Here’s where things really fall apart with the BuzzFeed writer.

Scaachi rightfully questions her about the students’ complaint to NYU. Duca really, really, really, really wonders if the writer would question a man in this way.

“As I continued asking Duca for comment about the specifics of the complaint, she became more and more agitated. ‘You should put in there that my tone was expressly pissed off and frustrated,’ Duca told me. “You’re being so fucking hard on me, Scaachi, and I really, really, really, really would ask you if you would be grilling a man in this same way. It’s amazing. The shit that I have endured to continue to sustain a voice where I’m just fighting every inch for the same thing that I think that you want, which is public power and equality, and I’m trying my goddamn best, okay?'”
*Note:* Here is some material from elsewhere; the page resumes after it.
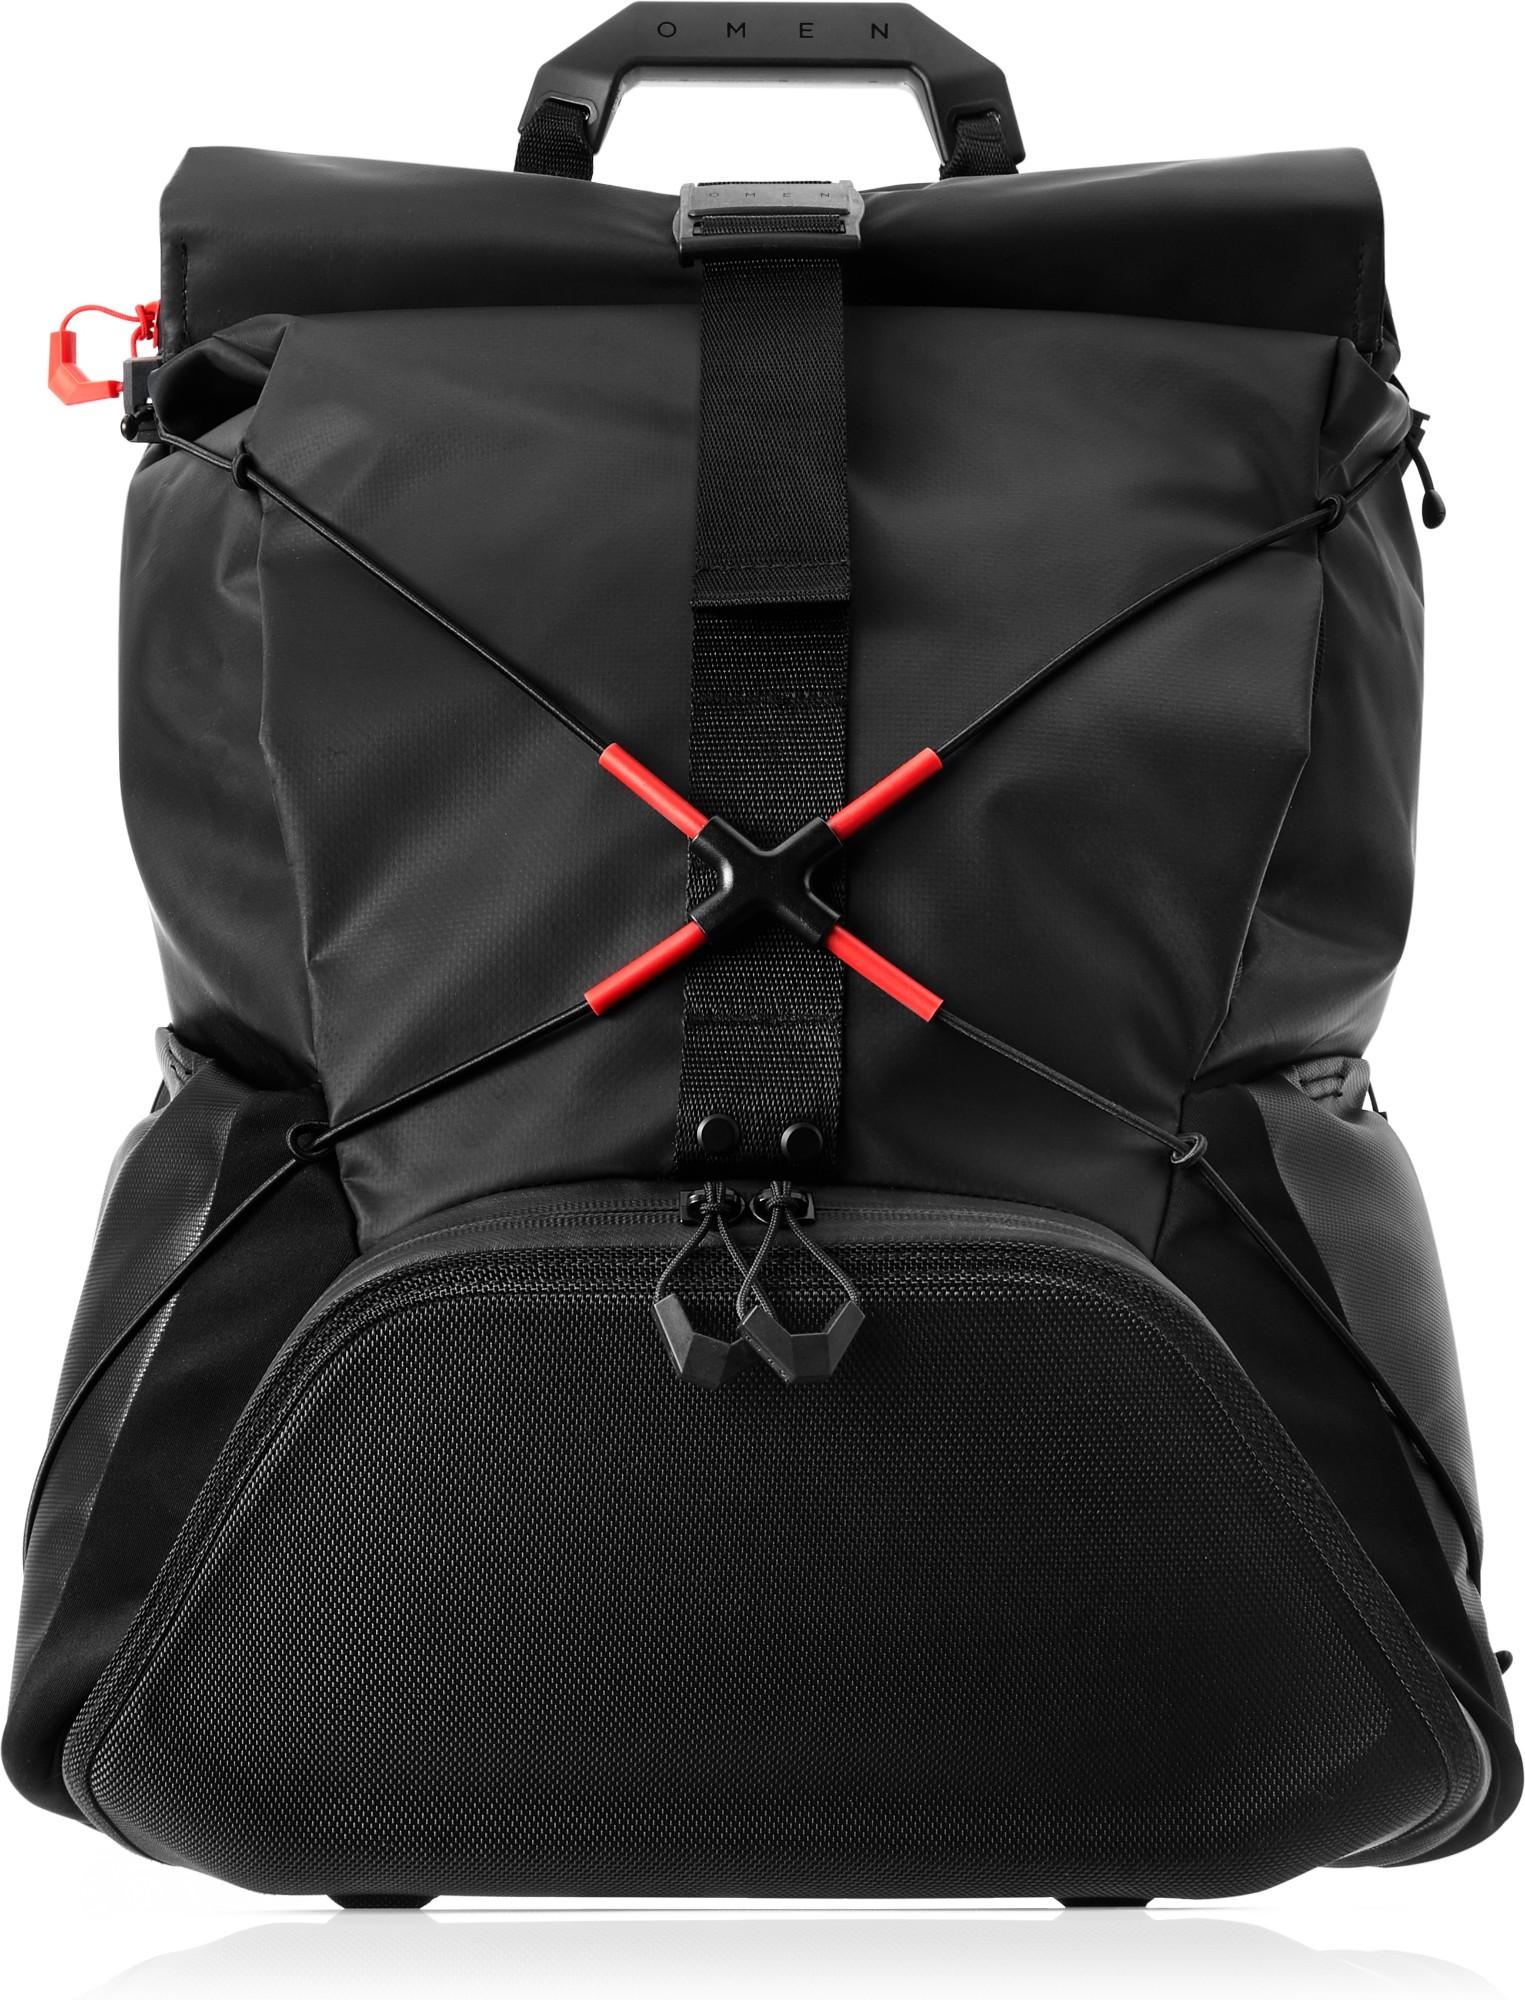 HP OMEN X by Transceptor Backpack notebook case 43.2 cm (17
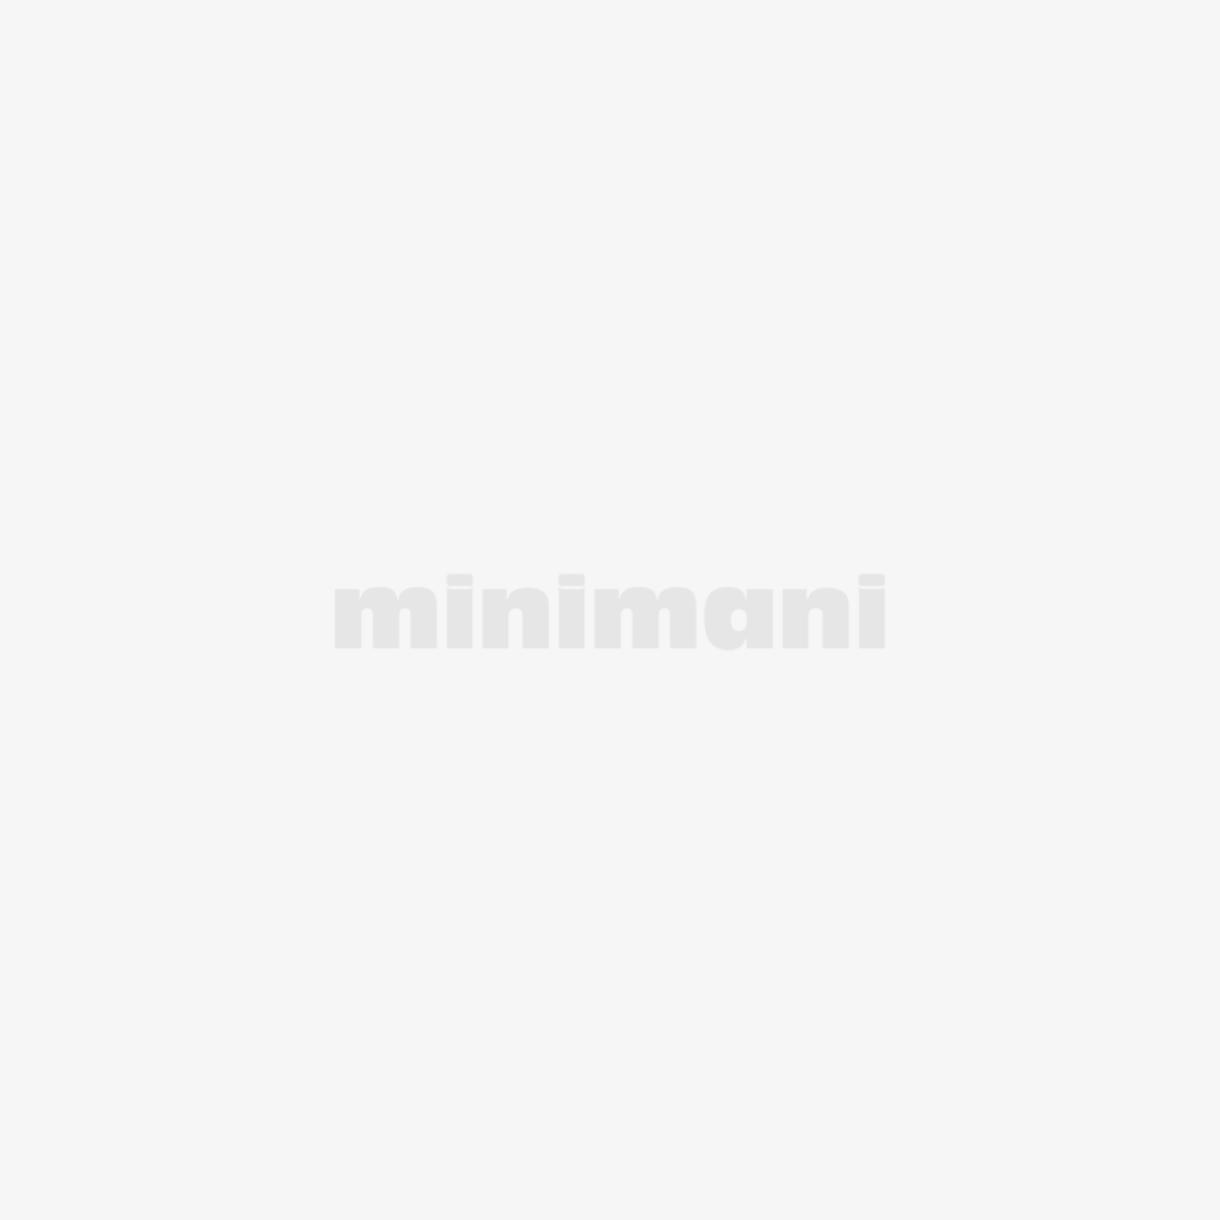 BRAUN BRAUN LADYSHAVER SILK&SOFT LS5160

She’s trying her goddamn best.

Sounds like it. Doesn’t it?

Duca begins questioning Scaachi’s motives.

“Congratulations, you thrillingly, thrillingly adept journalist, you have discovered that Lauren Duca is not perfect,” she eventually told the writer. “Put it in the headline, baby.”

Not only does Duca cast doubt her profiler’s brain capacity, she uses the one phrase that is lamest when a person is confronted with criticism. In cringey third person, Duca says Duca is “not perfect.”

Which at this point should be obvious.